The expected result is an exact restatement of the data, free of pictures.

### Input data

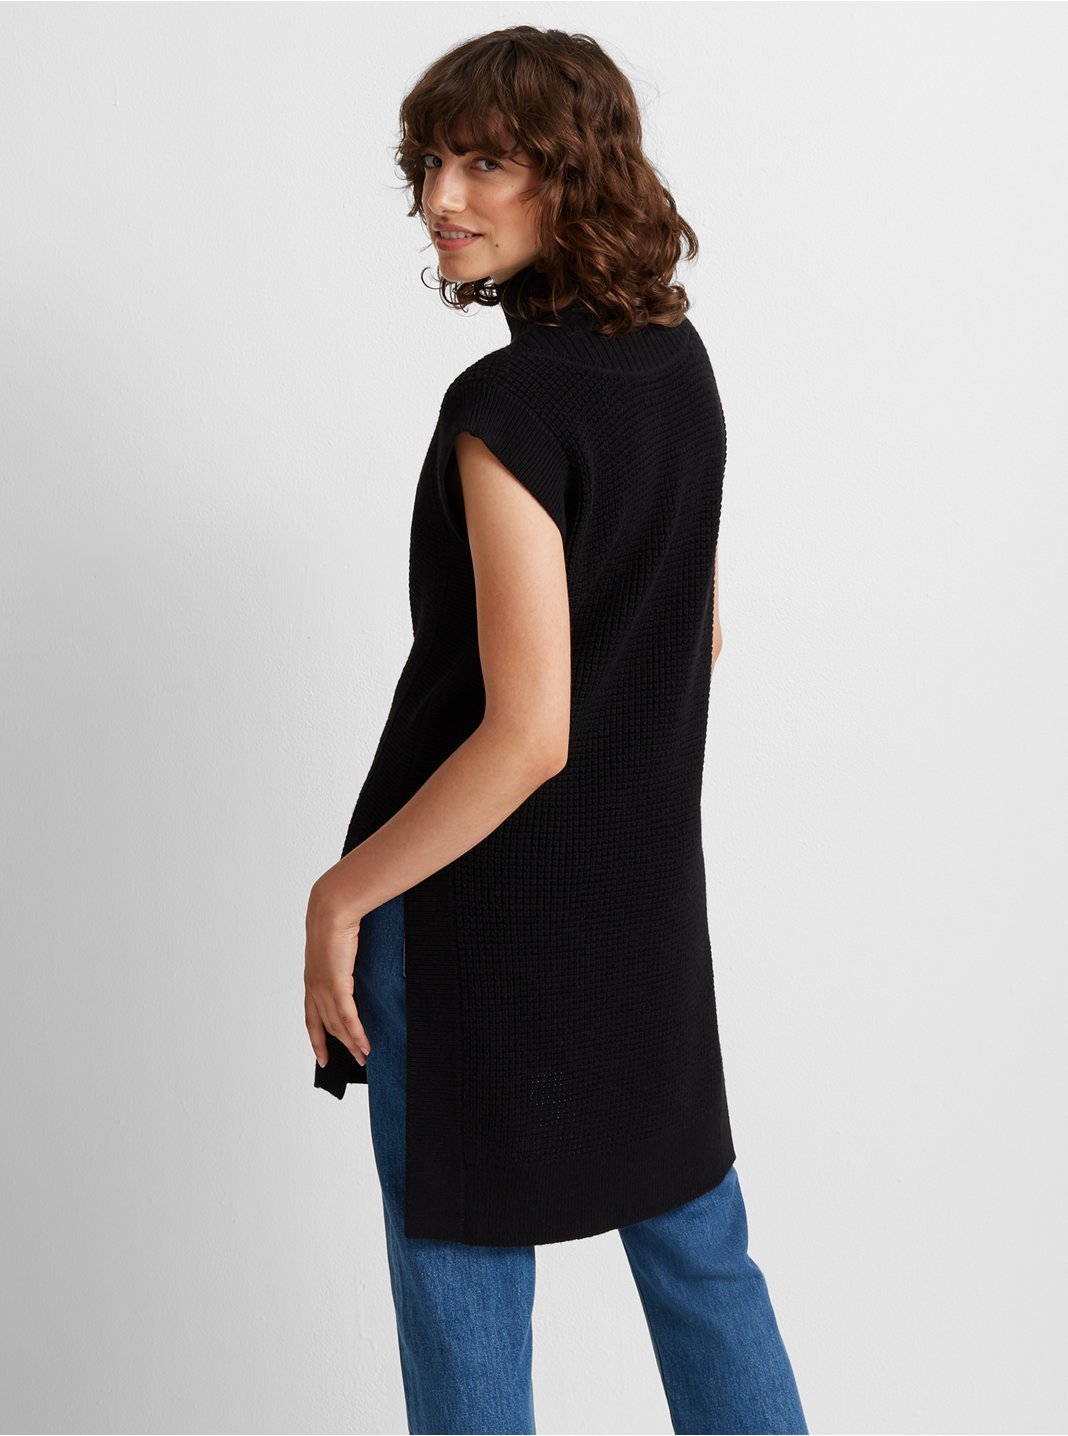 843520de0e0 Women's Sweaters   Club Monaco
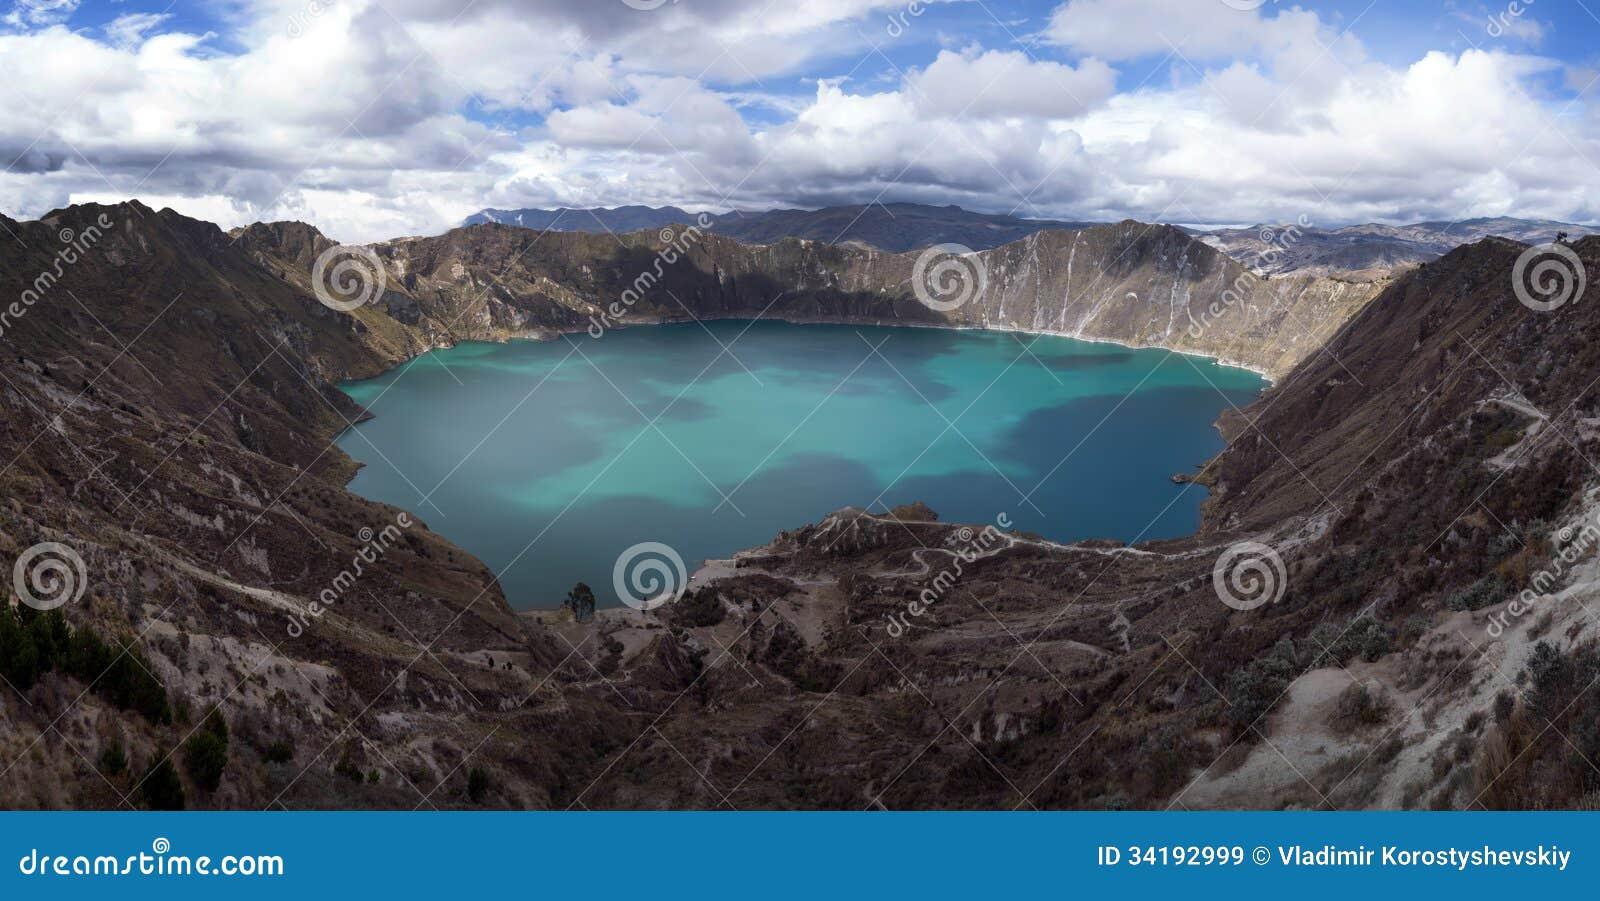 Quilotoa Caldera Stock Image  Image Of Mountains  View
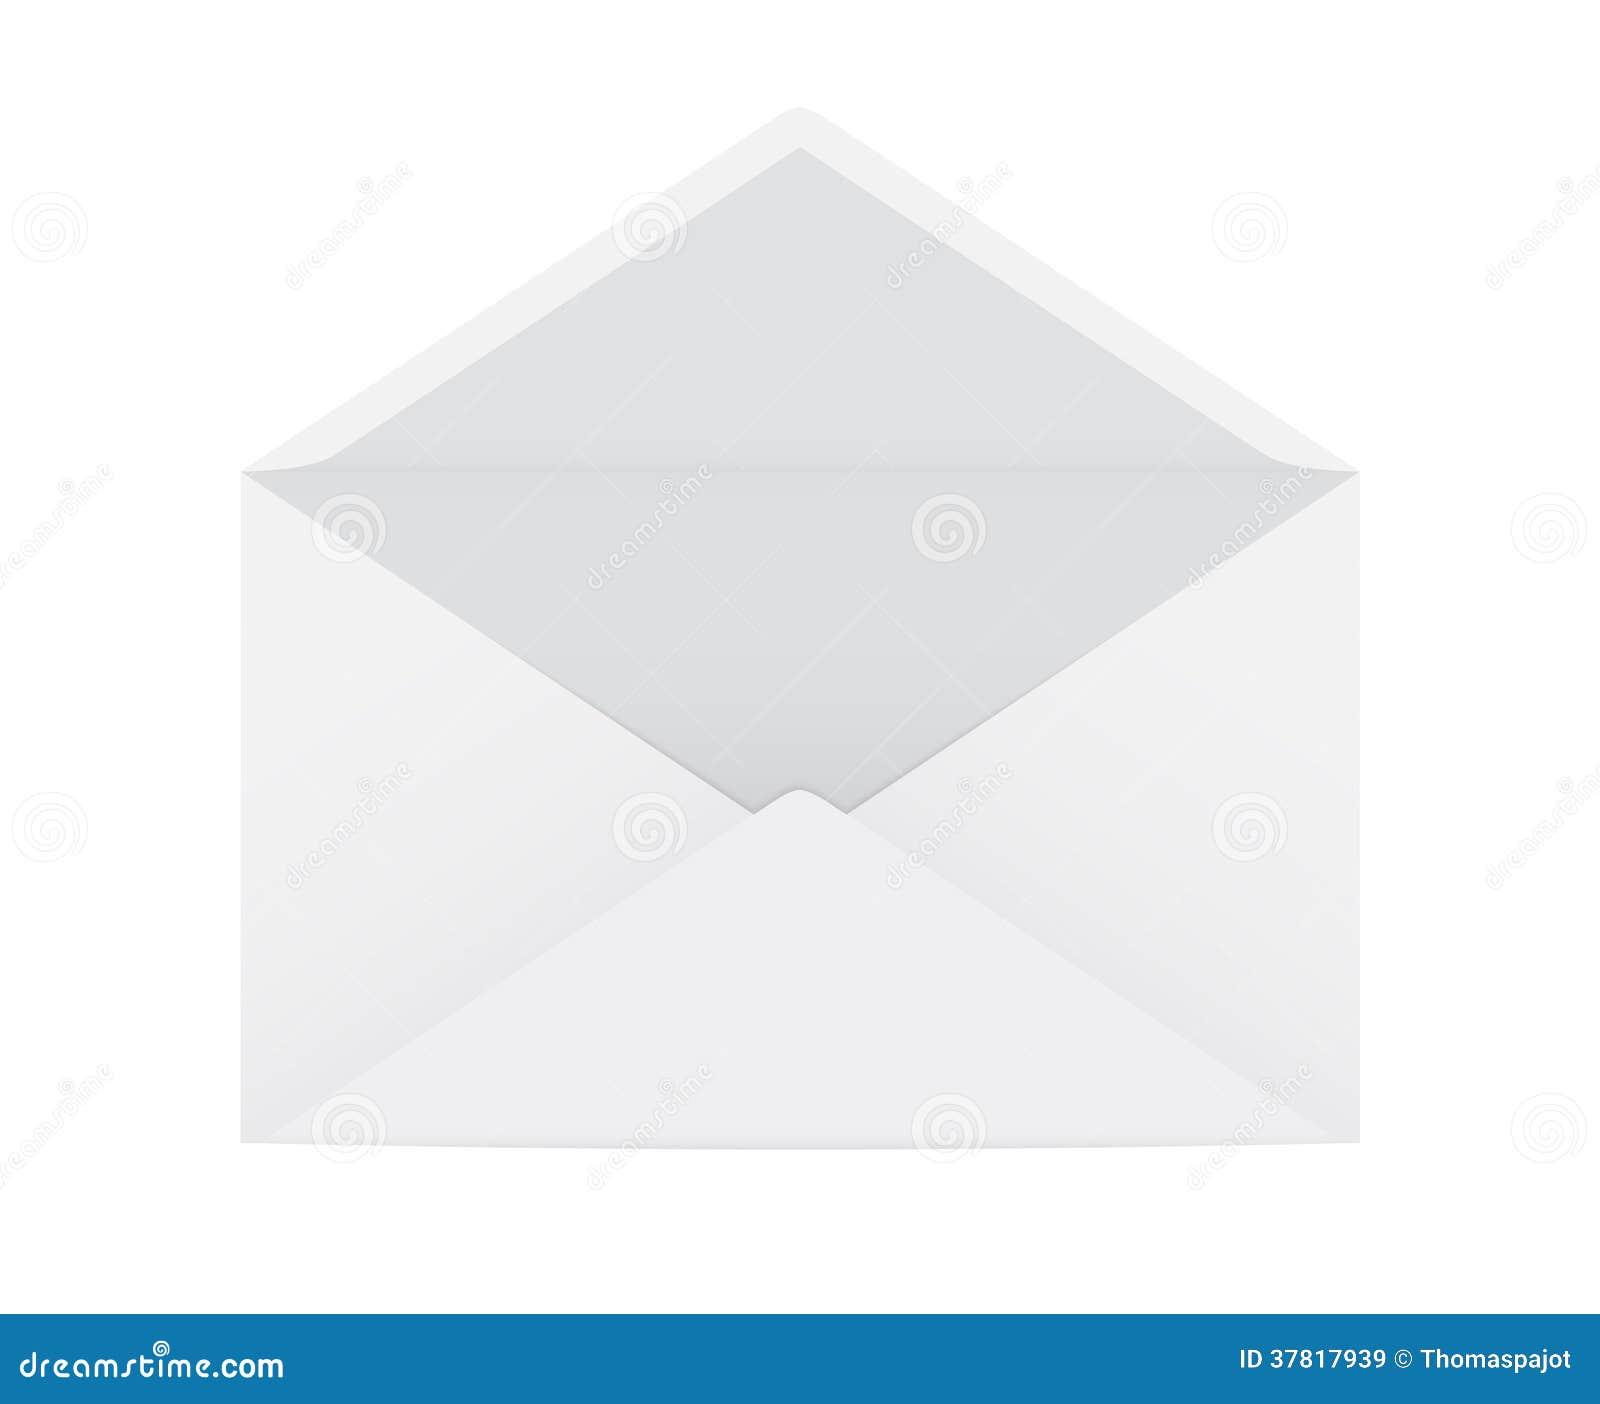 Open envelop
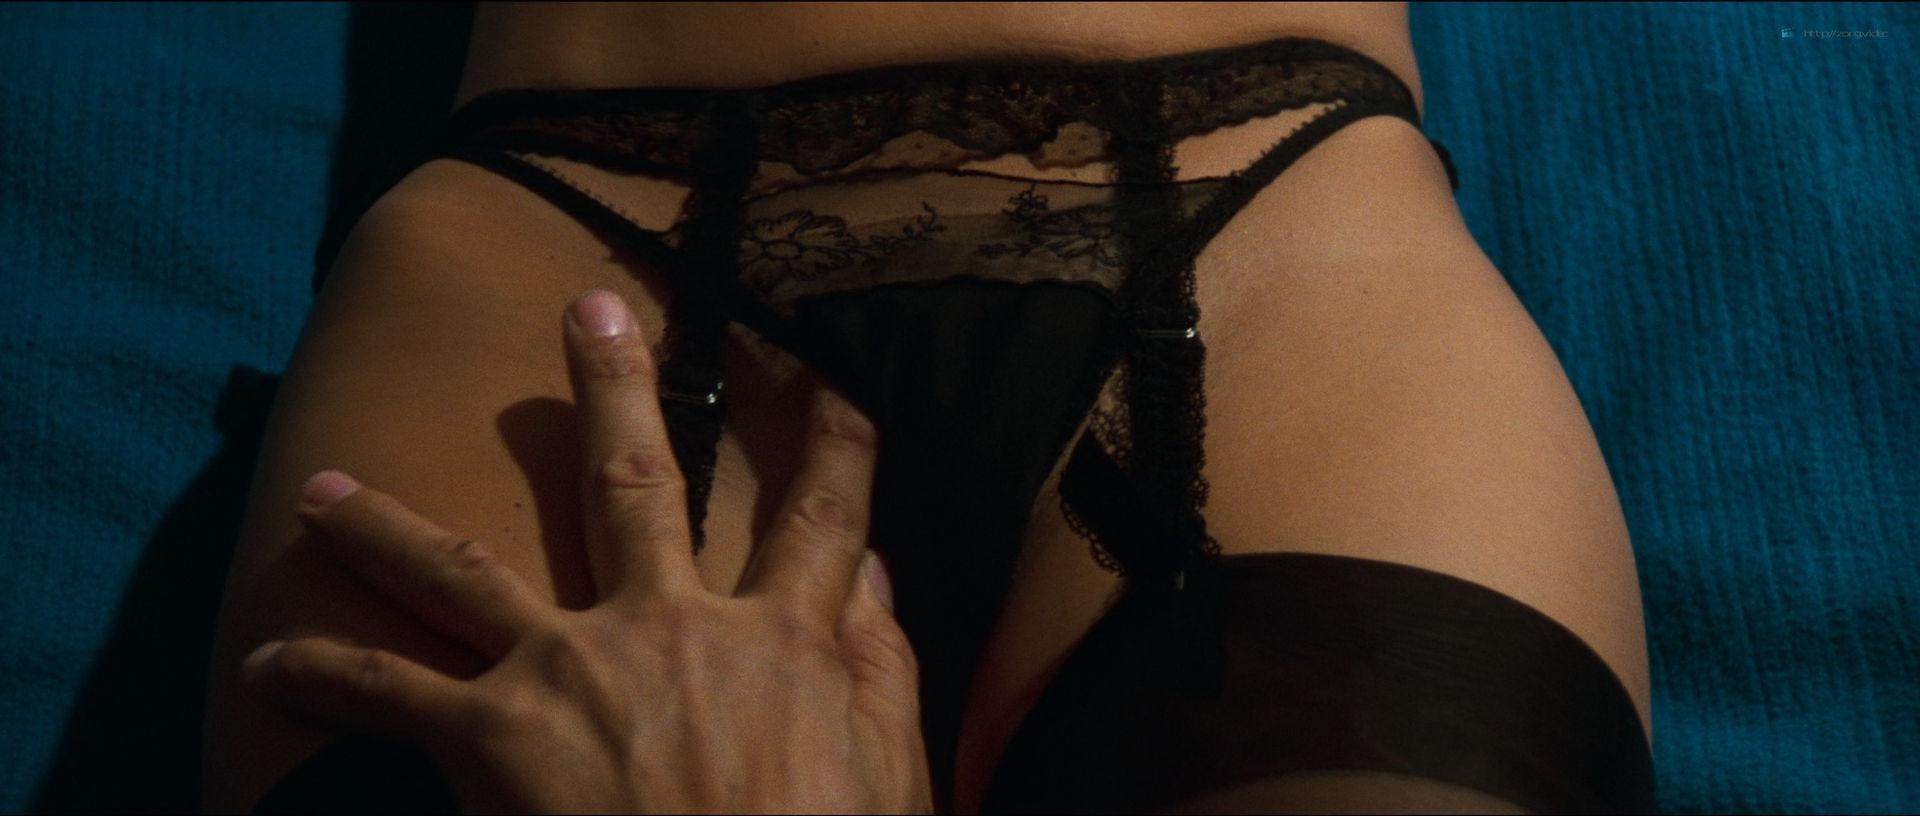 Daniela Doria nude full frontal Zora Kerova and other nude - The New York Ripper (IT-1982) HD 1080p BluRay(r) (6)

######

▶ [Task solution]:
 843520de0e0 Women's Sweaters   Club Monaco
 Quilotoa Caldera Stock Image  Image Of Mountains  View
 Open envelop
 Daniela Doria nude full frontal Zora Kerova and other nude - The New York Ripper (IT-1982) HD 1080p BluRay(r) (6)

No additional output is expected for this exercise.